Императрицу раздражало отсутствие нормальных мостов через малые речки, там бывало и того хуже. Заботы, заботы, заботы…
Государыня — точно хозяйка большого дома, если хочет, чтобы порядок был, должна сама все знать и помнить. Тяжело? Тогда лучше сидеть и царствовать… пока не скинут.
Государыня позвала к себе Панина, чтобы поговорить о цесаревиче. Привычное дело, ей все недосуг, не всякий день сына и видела. Многие считали Екатерину черствой к сыну, она и сама себя немало корила, но поделать ничего не могла.
Петр зря сомневался в том, что Павел его сын, лет до двенадцати, а то и долее он был похож на Петра, словно точная копия. Причем, на Карла-Петера Ульриха, каким Фике видела будущего мужа, не подозревая об этом, еще в Эттине под Любеком. Щуплый мальчик, вялый, нерешительный, словно забитый…
Как бы ни старалась Екатерина внушить себе любовь к сыну, ничего не получалось, слишком многое сходилось на Павле такого, что заставляло испытывать совсем иные чувства. Умом понимала, что мальчик не виноват, что похож на ненавистного мужа, что с младенчества не закален и нездоров, что прав на престол имеет больше нее самой… Понимала, но сердцем не принимала.
Павел похож на Петра в детстве, а Екатерина знала, во что может вырасти такой характер. Он был похож на Петра и внешне, а видеть перед собой ежедневное напоминание о прежней несчастной жизни и, тем паче, убийстве бывшего мужа тяжело. Иногда едва сдерживалась, чтобы не крикнуть:
— Да не смотри ты на меня так!
Ведь как бы ни пряталась сама от себя государыня, внутри знала, что если и убили Петра самовольно, это совпадало с ее собственным желанием. Желала Екатерина смерти свергнутого мужа, Орловы верно угадали, не могла не желать, поскольку не было у нее другого выхода.
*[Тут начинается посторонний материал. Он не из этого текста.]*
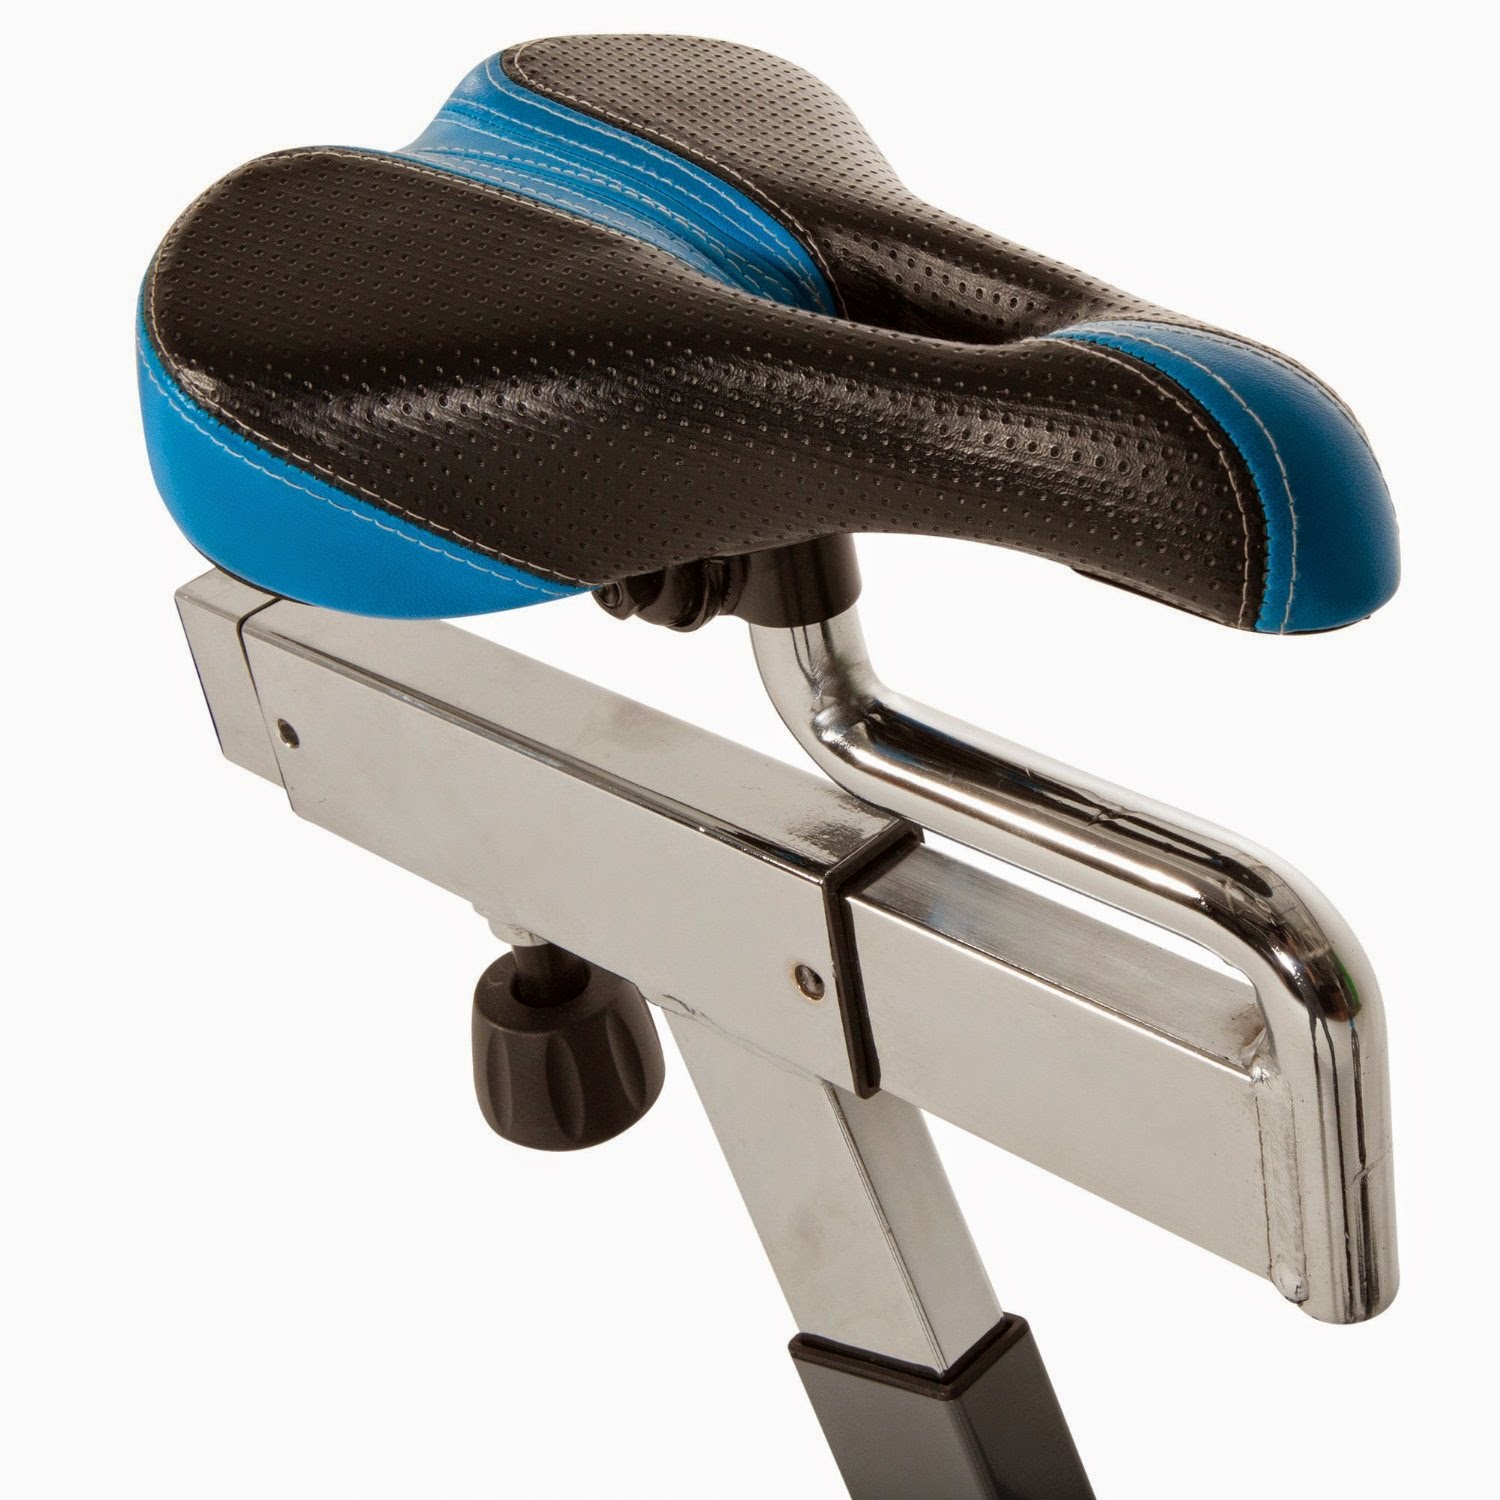 ProGear 120Xi Indoor Training Cycle, 4-way adjustable cushioned ergonomic seat

Пожалуй, отдай она тотчас власть маленькому Павлу, а сама останься регентшей, ей бы простили, но Екатерина не желала смотреть, как правят другие, она желала править сама, знала, как это делать, верила, что сумеет, понимала, что справится. Но сын-то был рядом, и один его вид извечно кричал: «Захватчица!» Нет, Павел не рискнул бы такое сказать, став взрослым, думал не раз, а вслух не произнес, мать всегда была сильней. Но она-то знала, что это так!
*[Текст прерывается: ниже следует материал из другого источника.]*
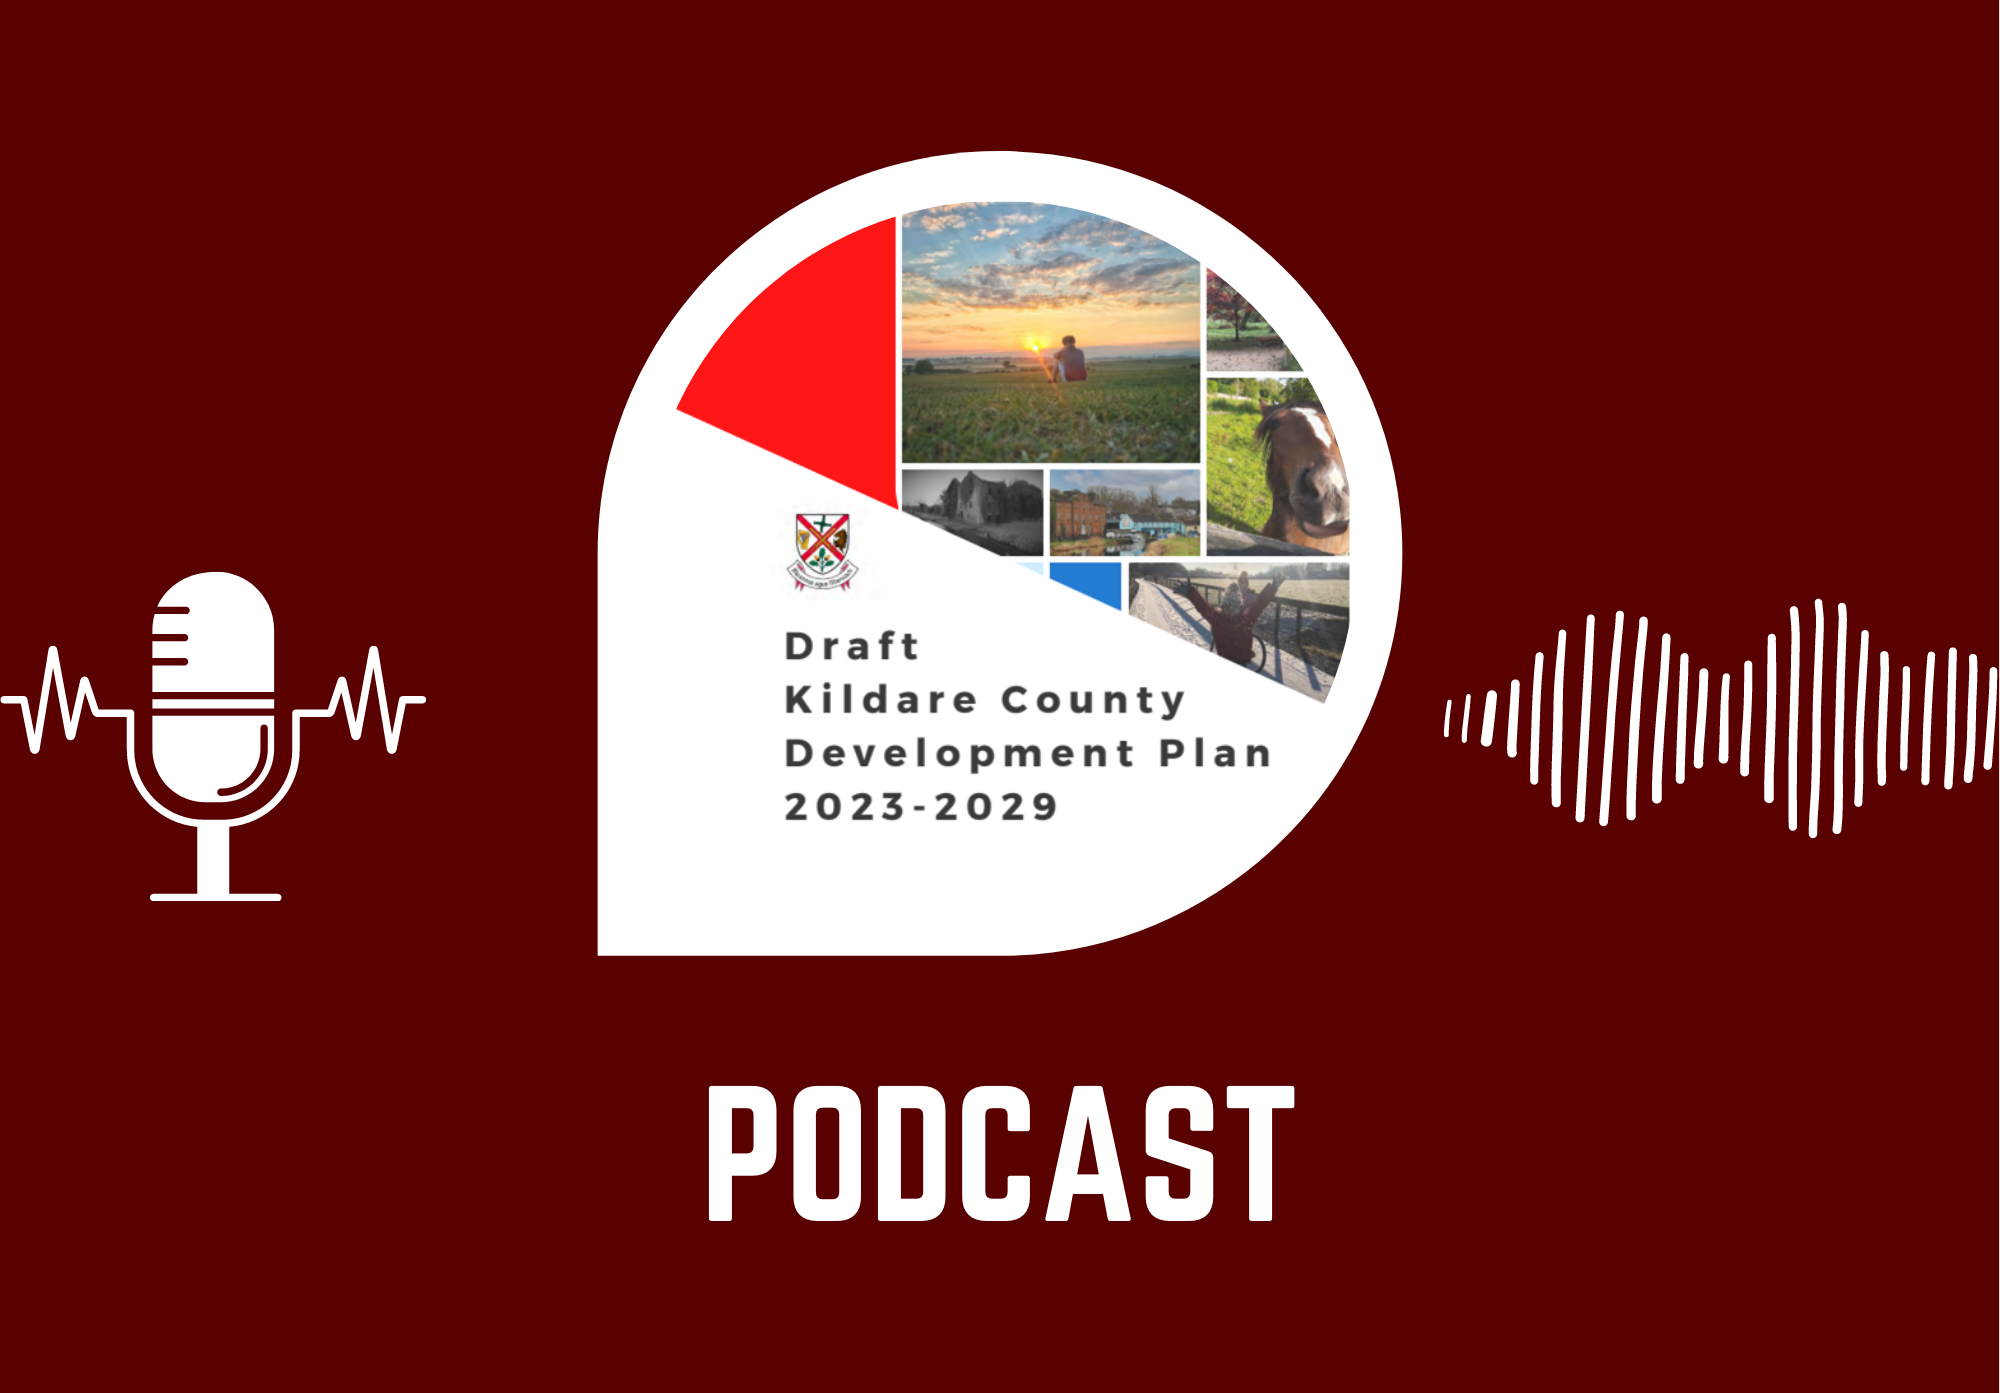 Kildare County Council Launch Podcast on the Kildare County Development Plan

— Никита Иванович, каков цесаревич ныне?
— Усерден, особенно в точных науках. Изряден во французском и немецком… весьма изряден.
Голубые глаза императрицы смотрели холодно.
— Математике его Порошин учит?
— Да, и хвалит.
— Я вторично пригласила Даламбера к цесаревичу, предложила и всех его друзей пристроить в России с выгодой, содержание назначила баснословное — 100 тысяч франков, кто ему еще такое даст. Ведаешь ли, что ответил?